Syrians fulfilling their side of agreement: James Petras
Press TV has conducted an interview with James Petras, Professor Emeritus, Binghamton University, about Syria’s chemical weapons obligations under the new agreement with Syria furnishing full details to the OPCW as required.
- What about this situation now that Syria has submitted its list of chemical arsenal to the Organization for the Prohibition of Chemical Weapons. Will it be sufficient enough? Because already we see the United States and its Western allies are already trying to add more pressure here to Damascus. Your take?
- Well, I think the Syrians are fulfilling their side of the agreement.
I think this is a very positive step and it should be recognized as such and the process should proceed as the original agreement between Russia and the Americans agreed at the time.
What I think is important... is that the US and its Western allies do not backtrack and claim that this isn’t fulfilling the agreement. And I think this is the danger - that Washington will seek to find some pretext for undermining a process, which is moving ahead successfully in accordance with the original agreement.
I think there is no possibility that the Syrian government can put a full inventory before a period of time. I think that the timeframe needs to be enlarged to take into account the large quantity and site of where these weapons are deposited and I think this is an important ingredient.
Finally, I think it’s very important to keep in mind that Washington cannot expect the Syrians to pay the over one billion dollars that is going to be required to destroy those; and they have to locate a place where this can take place. And I think these are crucial tactical issues that could play an important role.
There is no way in the world that these chemical weapons can be destroyed immediately in Syria. And particularly with the military costs embroiled in the current warfare with the insurgents and the extremists are receiving arms, the cost is prohibitive.
I think the United States government and its allies who have raised the issue of destroying the weapons have to make a very important financial contribution and also the Russians and the US have to decide where these weapons of mass destruction will be destroyed and that’s going to take a considerable amount of time perhaps much longer than one year.
So, what needs to be... the agreement has to be fulfilled without any pretext from the West.
- Your point - without any pretext form the West - What about that? Do you think there is enough gray area in here just from the points you’ve brought up for example the one billion dollars the Syrian government of course is not likely to be able to do that; or the location where this arsenal should be destroyed.
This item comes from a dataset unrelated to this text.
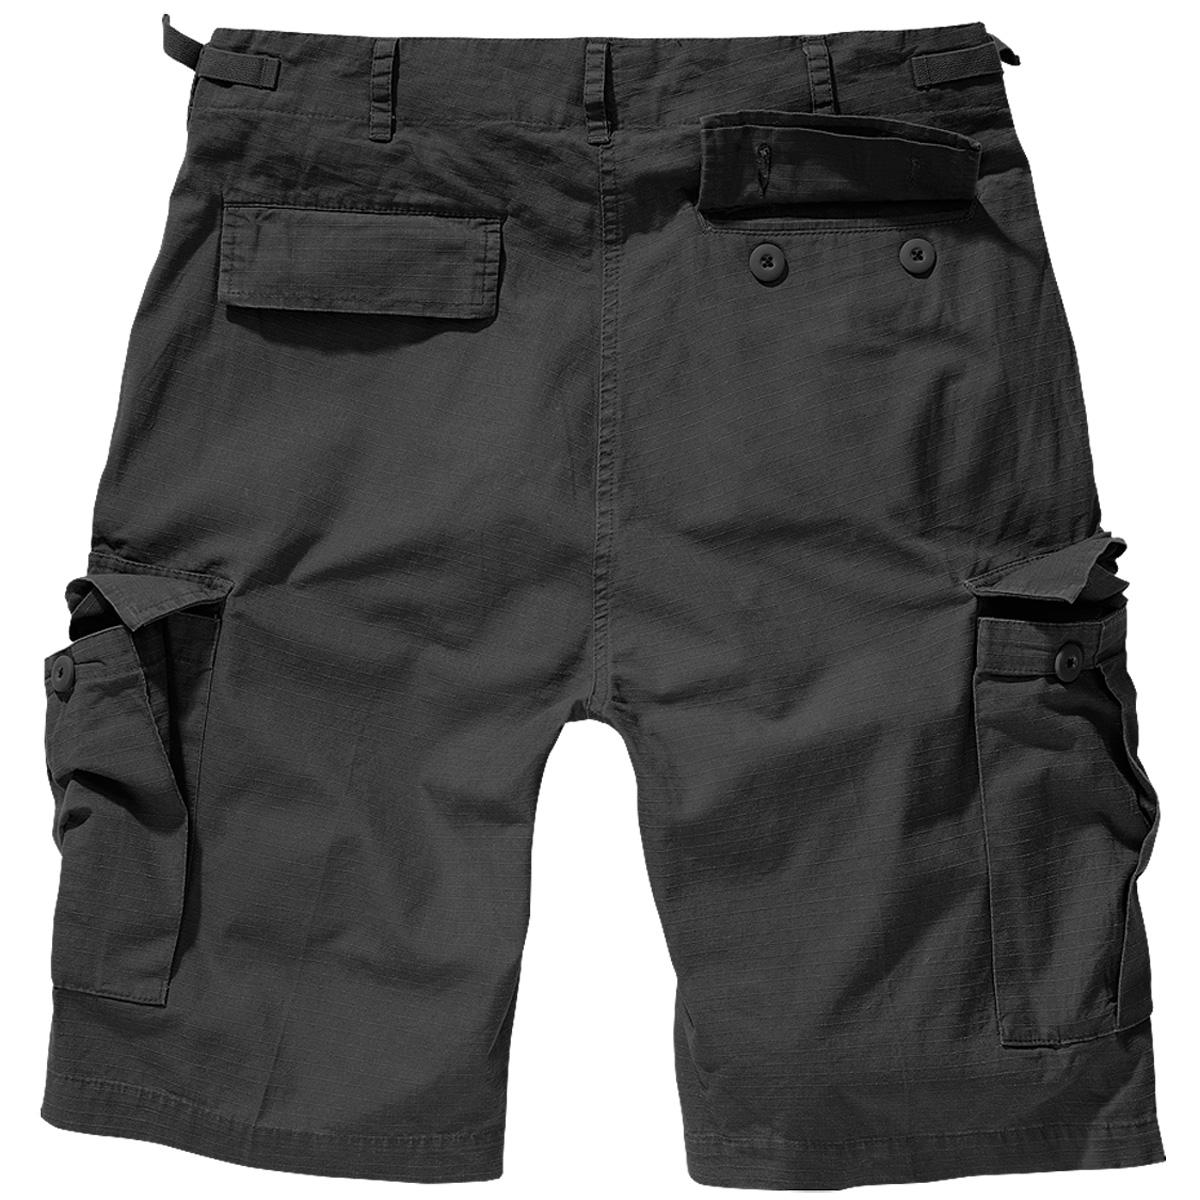 Brandit-BDU-Ripstop-Shorts-S-7XL-Army-Cargo-Bermuda-Outdoor-Short-kurze-Hose miniatura 3

With that lack of clarity is it likely that the United States and its allies left that part of it vague enough that perhaps if Damascus cannot, because of the situation both monetarily and being able to do this as far as the location, that it could give the US and its allies an excuse to do what they wanted to do in the beginning and that was to attack Damascus if they say they cannot meet this type of deadline?
- I think we can’t take that off the table. I think we have to look at the recent history of military intervention: the French in Mali; NATO in Libya; the arming of the terrorists in Syria; the sanctions against Iran. That’s clearly a history, which brooks ill for any peaceful resolution.
On the other hand we have to take account of the tremendous rise in opposition to new wars of the United States and Western Europe and Asia and the fact that legislative bodies in England, France, the United States, Italy and elsewhere including Germany are no longer willing to rubber stamp these war efforts.
We have to realize that Israel has totally discredited itself with its land grabs and Palestine and its shooting of school boy protesters that these are weighing against a military (intervention into Syria).
And furthermore, the fact that the new president in Iran has made strong overtures to a negotiation and settlement. And apparently these are so overwhelming that Washington now has to take them into account and even a warmonger like Obama has stated that he’s going to reach out to President Rouhani and test the waters - whatever that means.
But at least if there is a move toward a settlement with Iran, that cannot be accompanied by a new war, a NATO war in Syria - that would undermine the possibilities of a US rapprochement with Iran.
So, given these factors, the domestic opposition, discrediting of the main push for war from Israel and the pro-Israel lobby of the United States, the weakening of that; the strengthening of the peace forces led by President Rouhani, I think it’s an even balance whether Washington can pursue a new war policy in the face of these new developments.